London, June 19 (RHC)-- In Britain, the Tories have put an end to wind farm subsidies, sparking fierce opposition from green campaigners and renewable energy leaders.

Fergus Ewing, Scottish minister for business, energy and tourism said "the decision by the UK government to end the Renewable Obligation next year is deeply regrettable and will have a disproportionate impact on Scotland, as around 70% of onshore wind projects in the UK planning system are here."

Energy and Climate Change Secretary Amber Rudd insists that the initiative is simply a manifesto commitment. She said that the Tories are "driving forward our commitment to end new onshore wind subsidies and give local communities the final say over any new wind farms. Onshore wind is an important part of our energy mix and we now have enough subsidized projects in the pipeline to meet our renewable energy commitments."

But Scottish Renewable chief executive Niall Stewart slammed the decision by the Tory government, claiming that there is no justifiable reason to put an end to the wind farming subsidies. He said "we believe this decision could put around two gigawatts of onshore wind projects in Scotland at risk. "These are projects that could provide the equivalent electricity demand of 1.23m Scottish homes and significantly improve our energy security, while bringing around £3bn pounds of investment."

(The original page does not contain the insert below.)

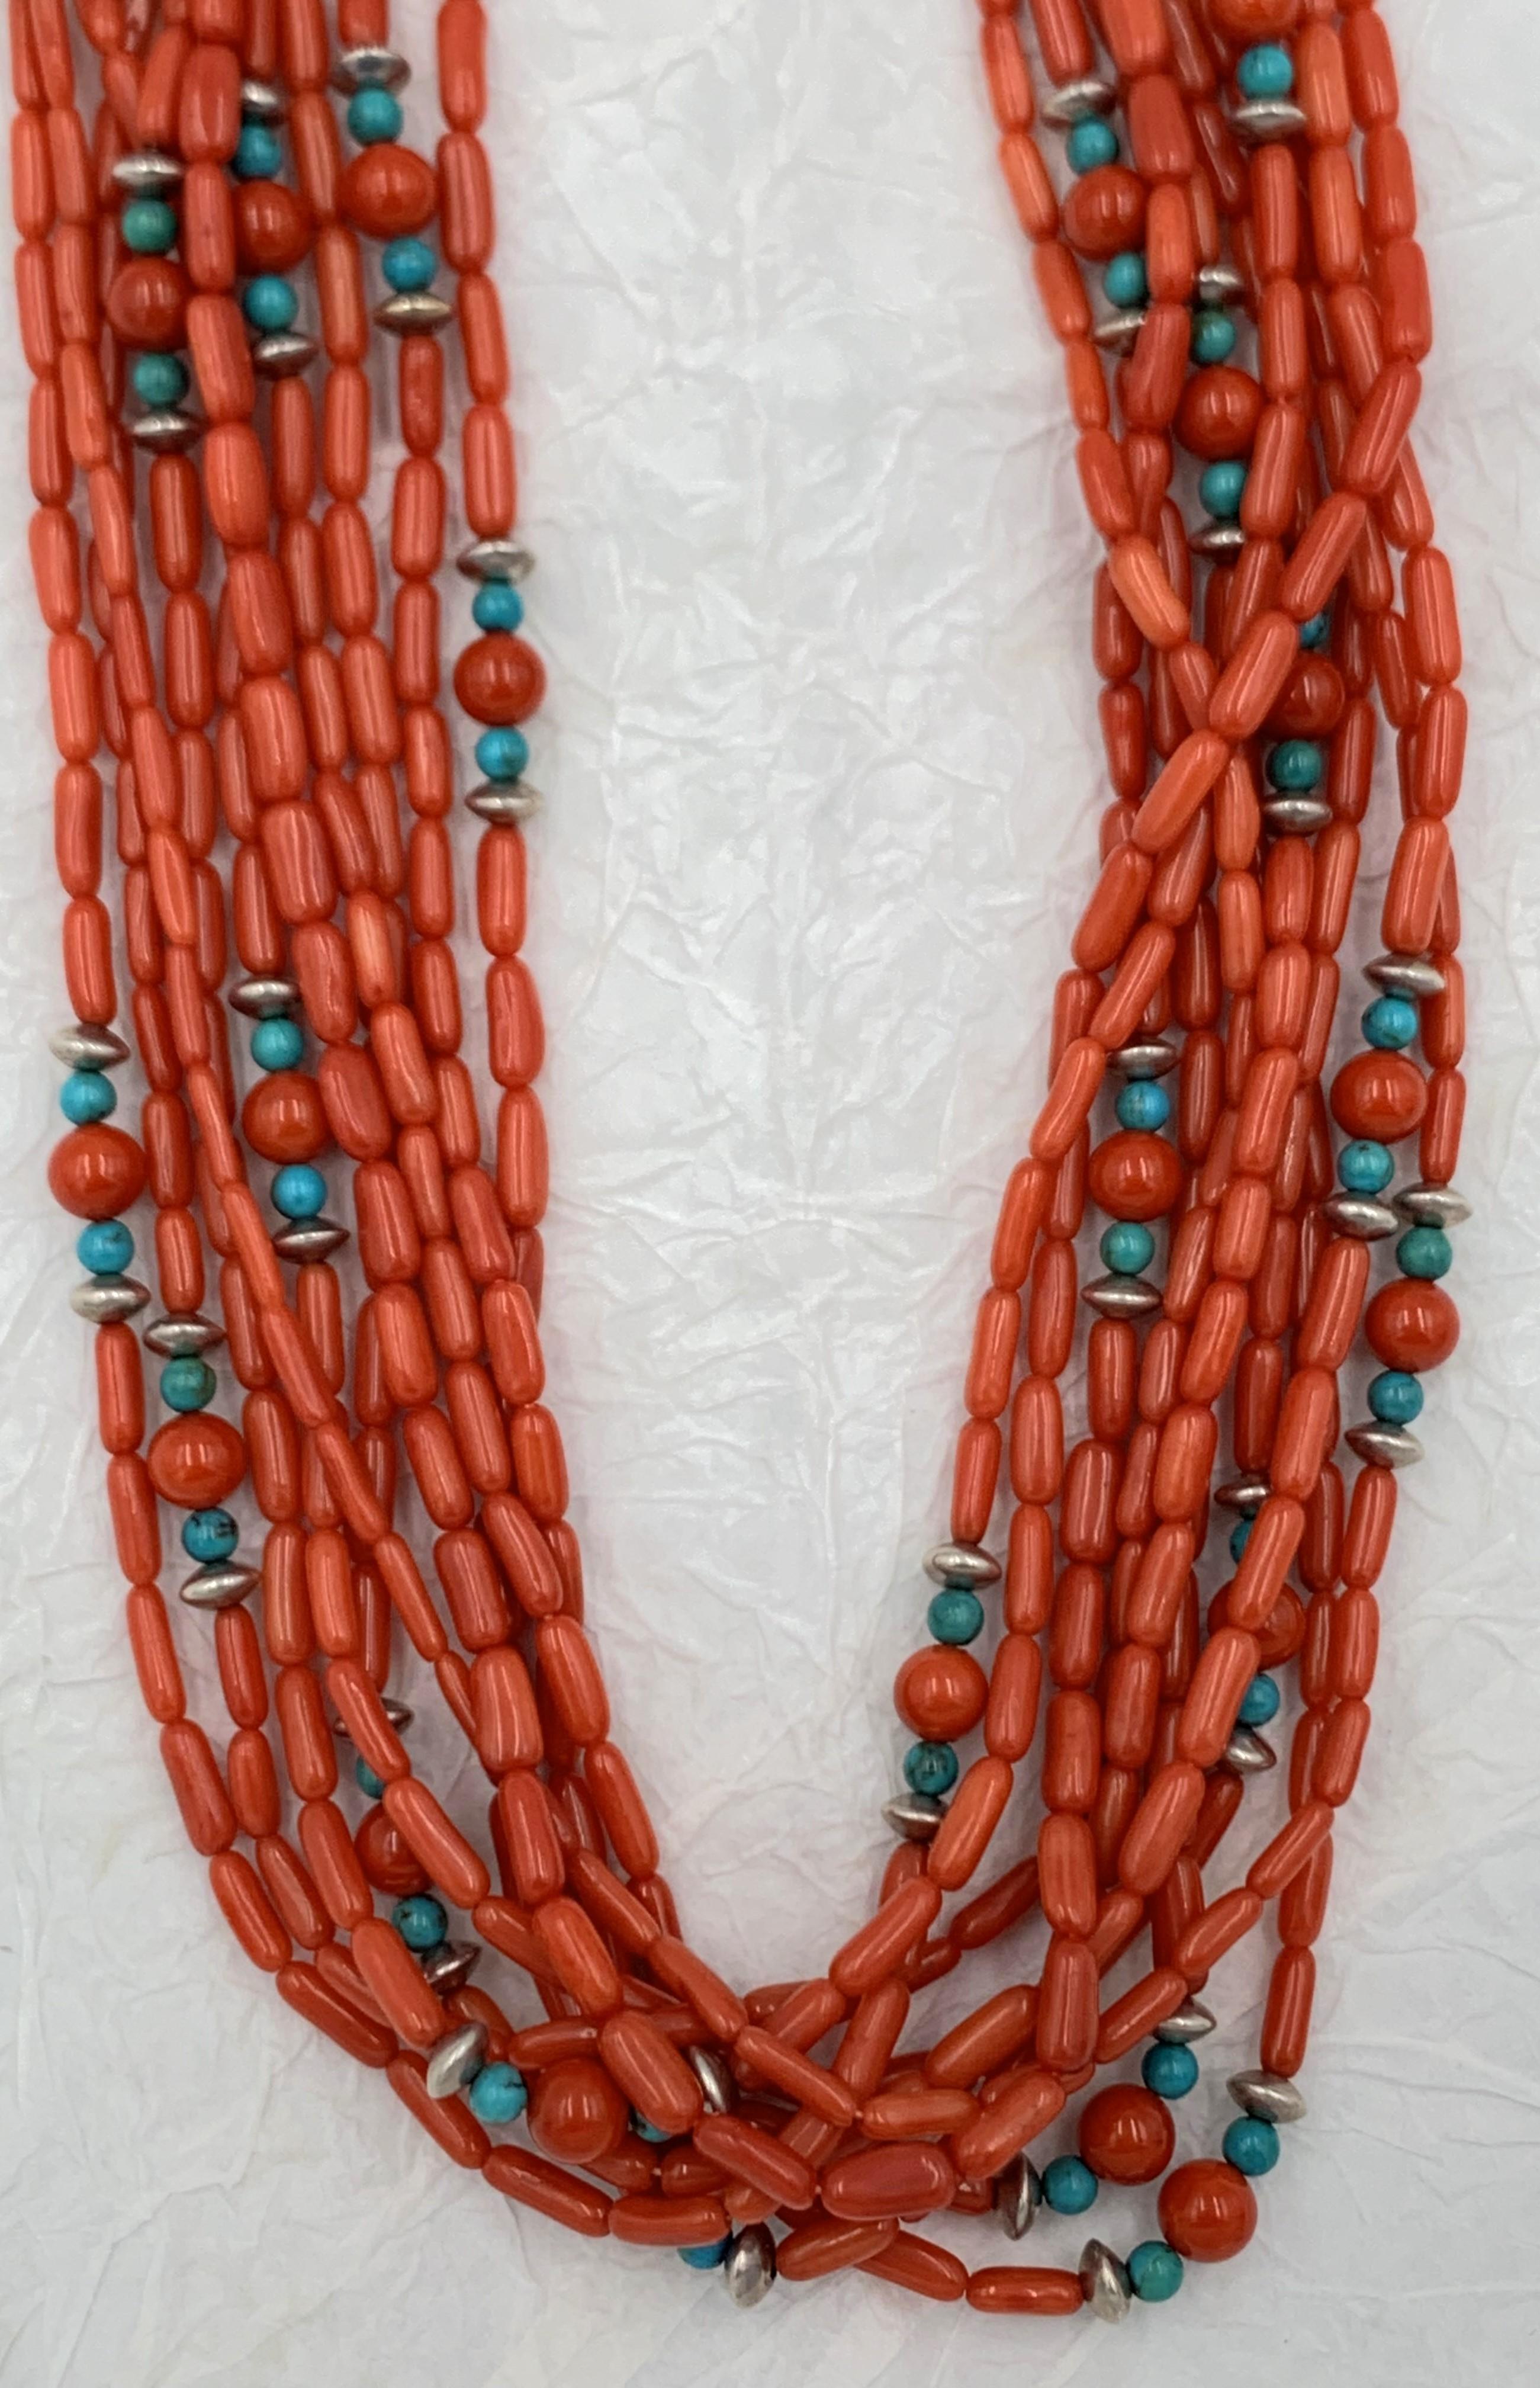 Diese schöne Halskette besteht aus 10 Strängen natürlicher Korallenperlen in Rot-Orange-Tönen. Zwischen den Korallen sind türkisfarbene Steine und Silber eingearbeitet. 


#J1786 @ S

Shadow Energy Secretary Caroline Flint also criticized the Tories plans, saying that wind energy is the safest and cheapest type of energy. She said, "Onshore wind is the cheapest and most developed form of clean energy and there are 1,000 projects whose investment plans could be affected by the latest moving of the goalposts. Ministers need to make clear which projects exactly the grace period will apply to."

The Tories and some Labour politicians have backed the government's decision to scrap wind subsidies. But there is a groundswell of anger among campaigners and renewable energy business leaders who fail to see the sense in refusing to invest in a long term and sustainable energy source.